• TASK DESCRIPTION: Your copy should begin with the line containing "illustration of radar - Stock Image", end with the line containing "NARS x Sarah Moon Swatches 1", match the listing below exactly, and contain no pictures.

• DATASET ENTRIES:
┄┄┄┄┄┄

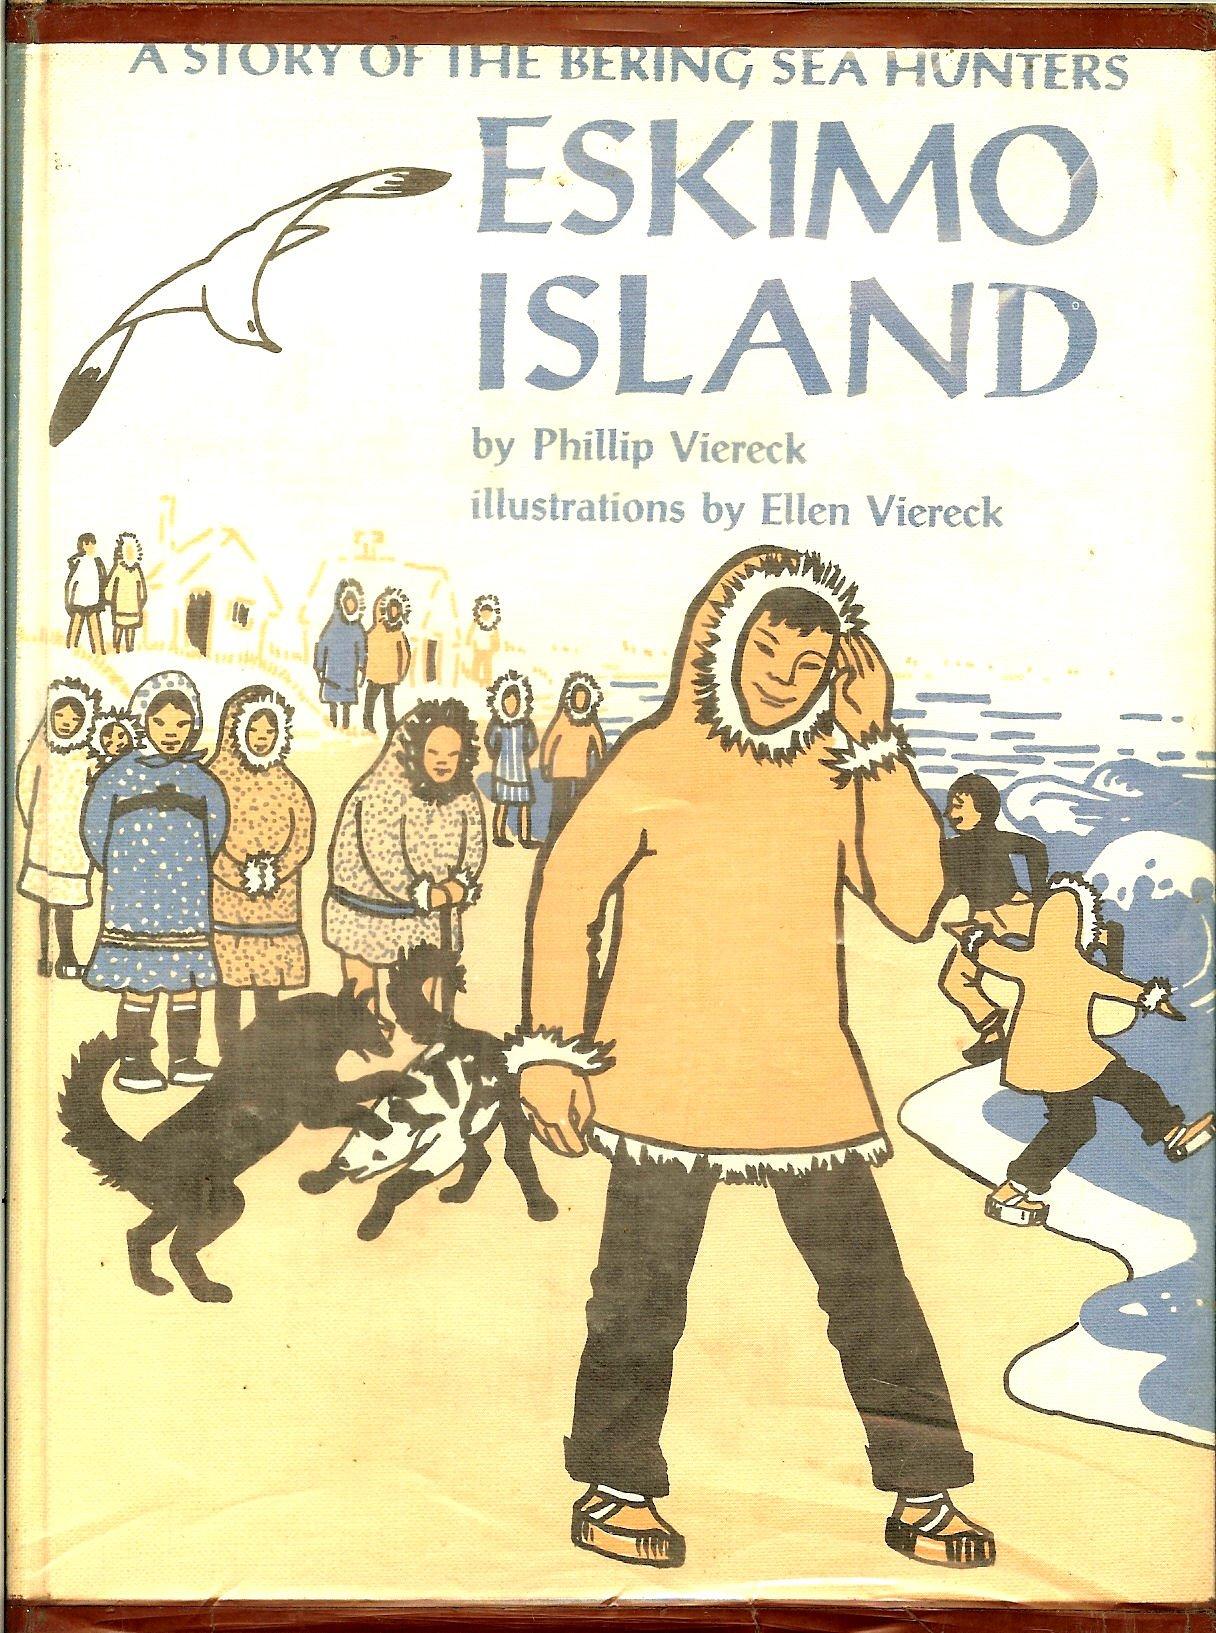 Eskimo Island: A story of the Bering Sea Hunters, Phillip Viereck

┄┄┄┄┄┄

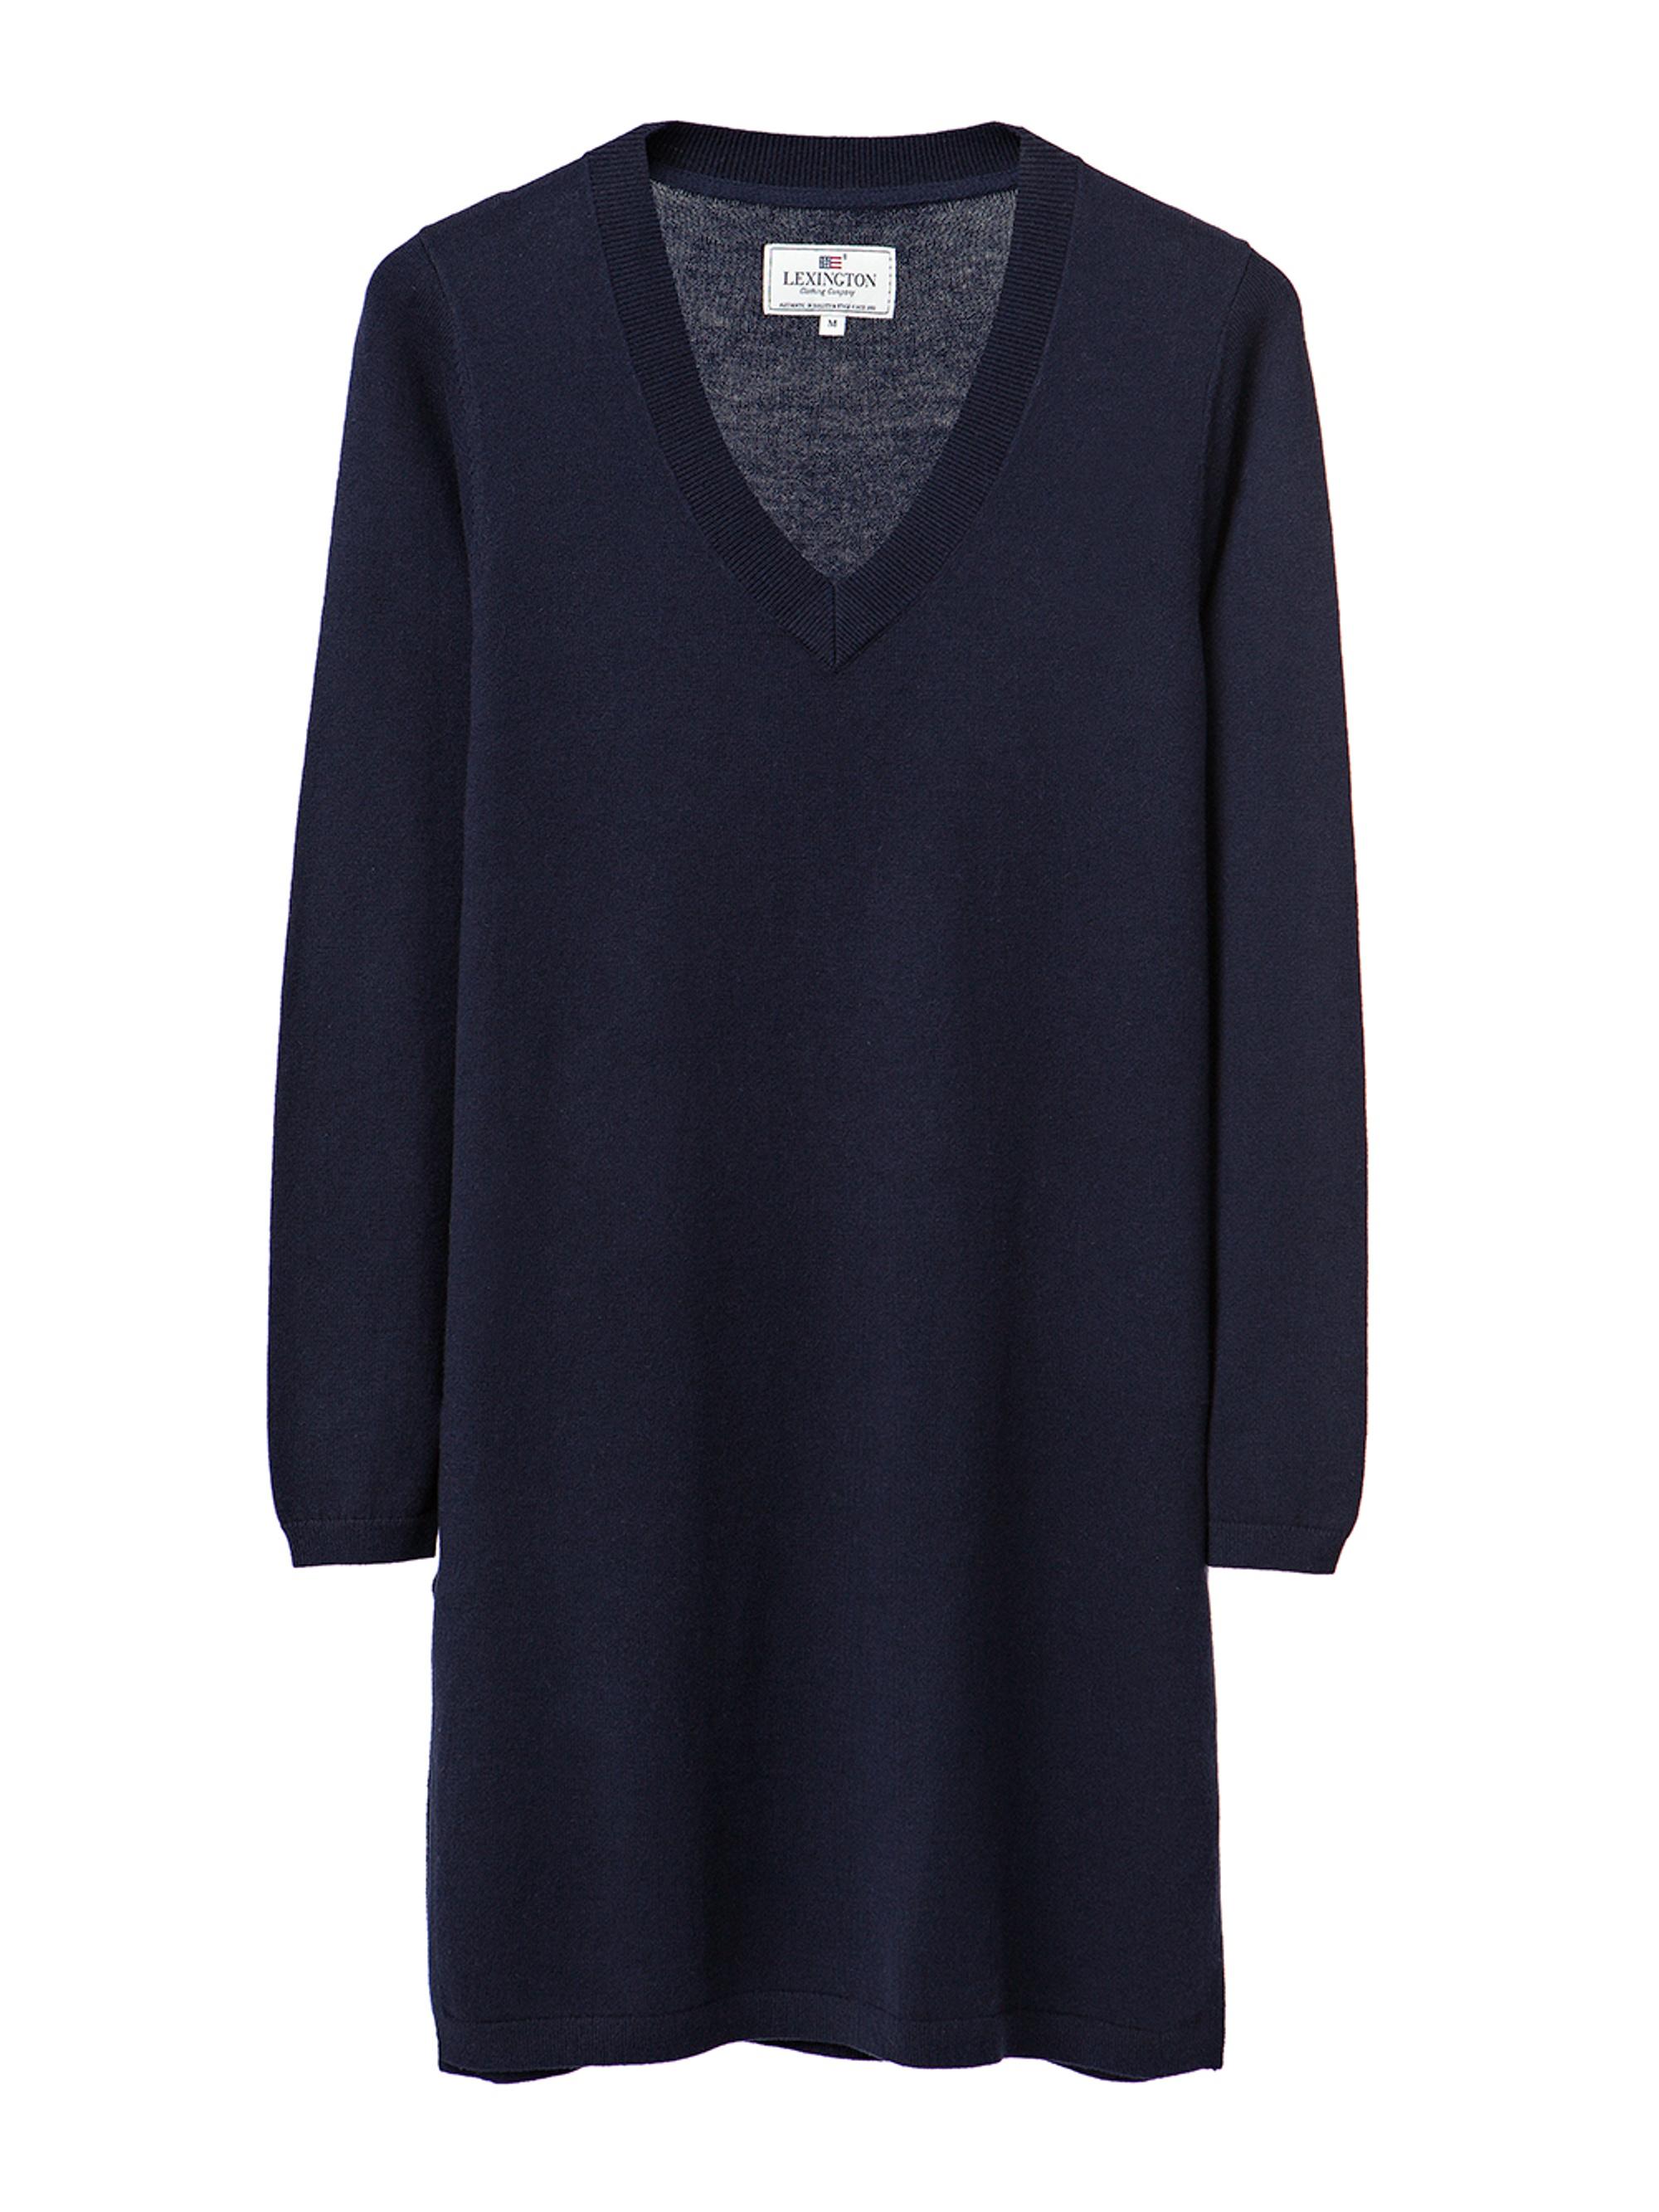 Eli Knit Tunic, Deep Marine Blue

┄┄┄┄┄┄

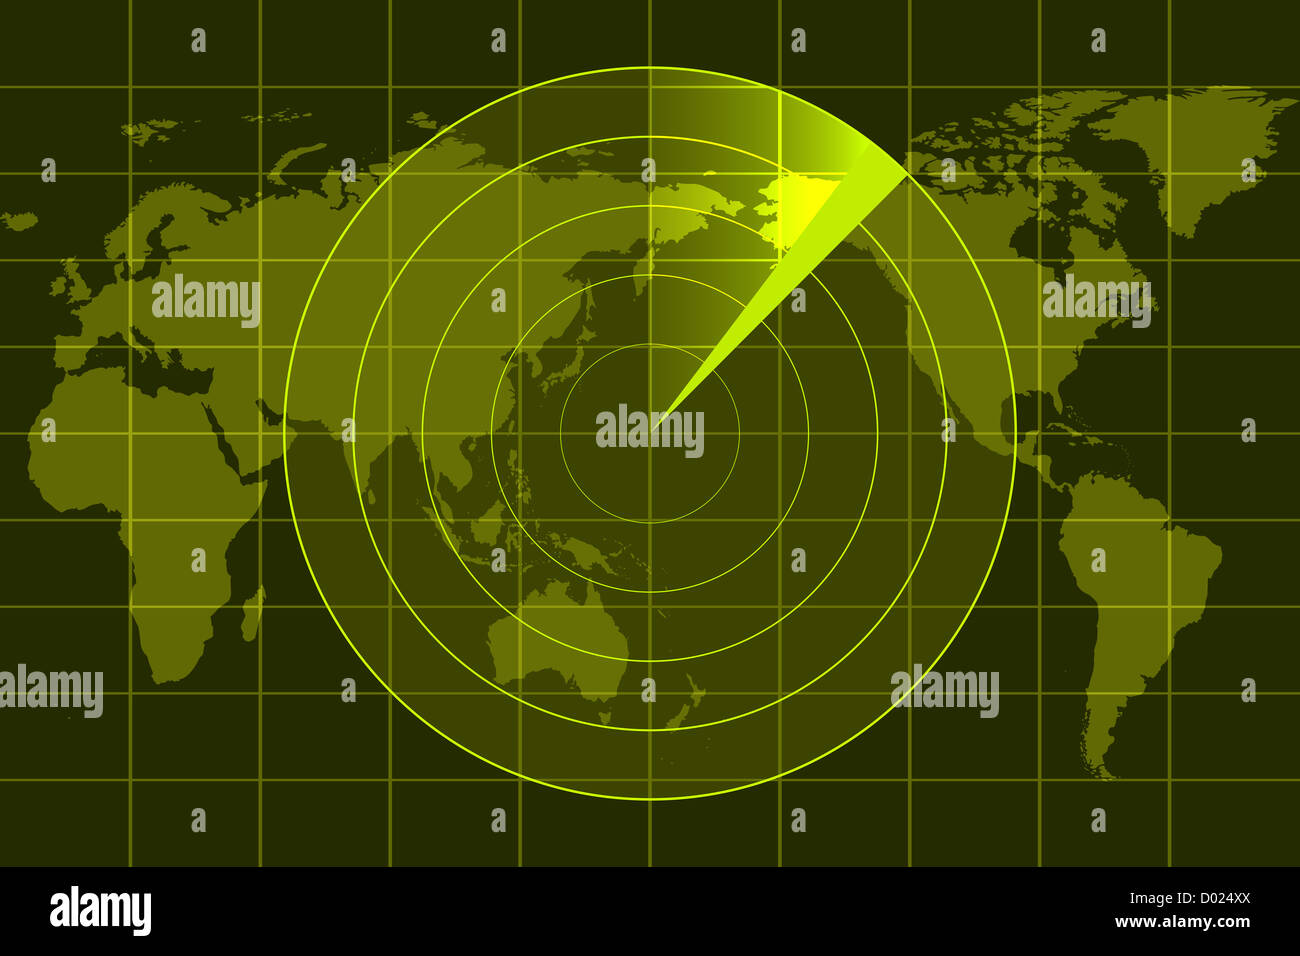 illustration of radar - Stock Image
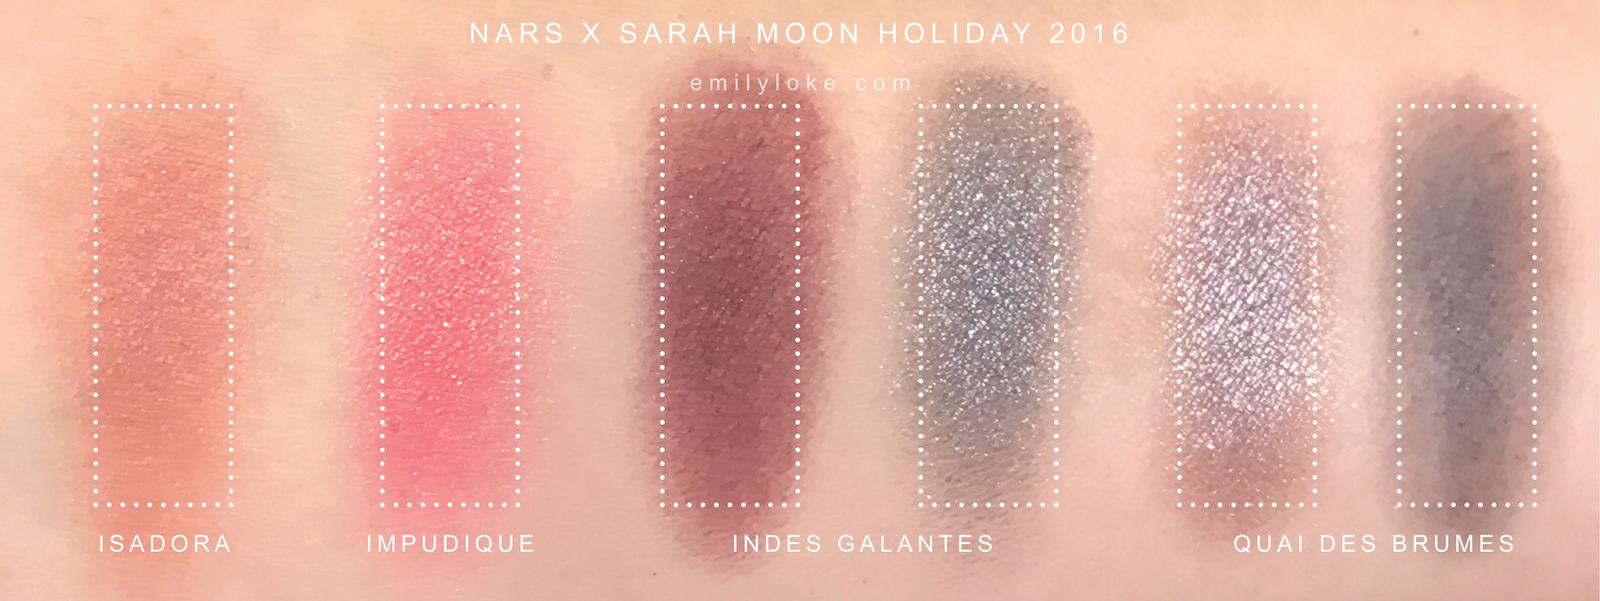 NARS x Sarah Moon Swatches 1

┄┄┄┄┄┄

• ANSWER AREA:
 illustration of radar - Stock Image
 NARS x Sarah Moon Swatches 1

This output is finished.